In Vancouver, Canada, my journey to see an electrophysiologist began at day 11 persistent (January 23) at my G.P. office who kept me under his care without referring me for a whole year. Today, May 14/'17, I am in day 122 persistent (almost 4 months under "hospital care" waiting time). Friday, I was told my appointment to the AF clinic only (not electrophysiologist) will be August 21 by which time I will be 7.1 months persistent.
Those 7 months under "hospital care" exclude electrophysiologist which I was told takes another month and then 6 months to ablation. Thus, the total journey from day 11 persistent to ablation becomes 14 months by which time I will be in long-standing persistent, if not permanent.

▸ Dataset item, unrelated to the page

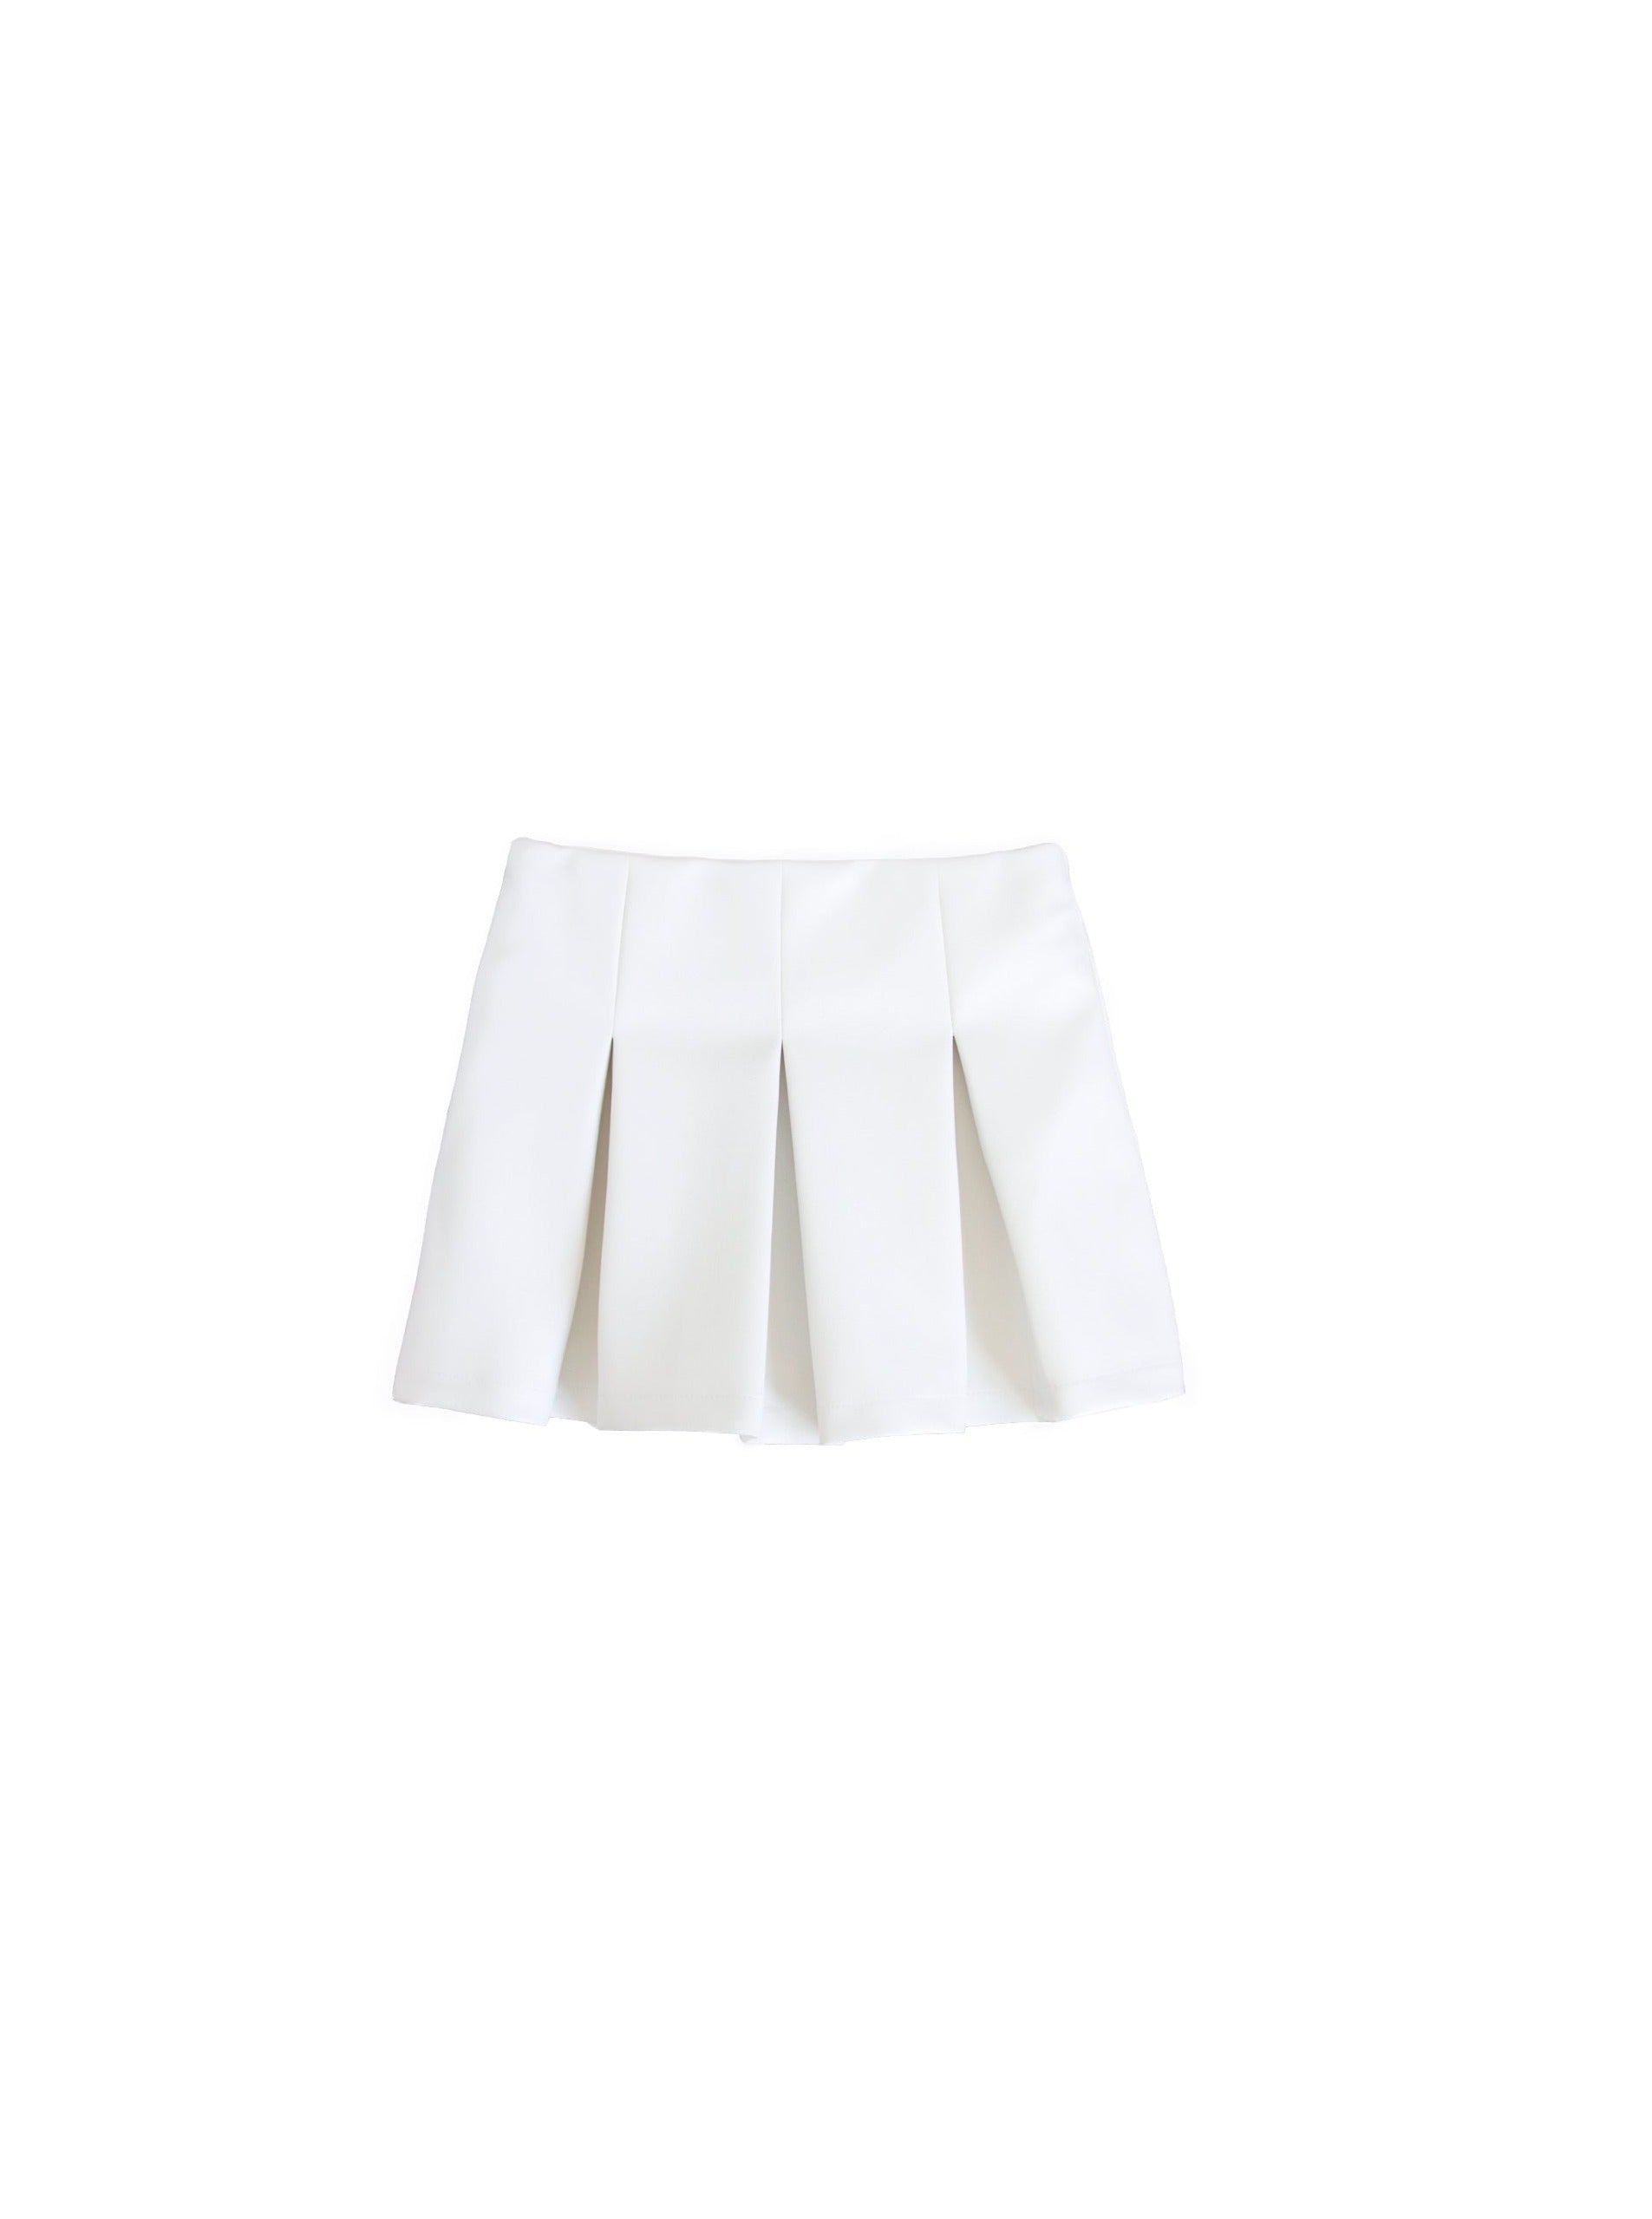 White faux leather pleated mini skirt.

My understanding is the longer the wait in persistent AF, the greater the target areas beyond the pulmonary veins (the area when you are in paroxysmal AF) , the greater the areas to ablate, and the greater the chances of AF recurring right away, plus the greater the number of ablations required.
The degree of stress caused by this "triaged" waiting time knowing that my heart is purposely being allowed to deteriorate is quite unbearable for me. And, there is no recourse to go to a private clinic here.
Do I have this information correct about persistent and ablation , and have other had this experience when in persistent?
This Canadian waiting time in persistent is driving me insane.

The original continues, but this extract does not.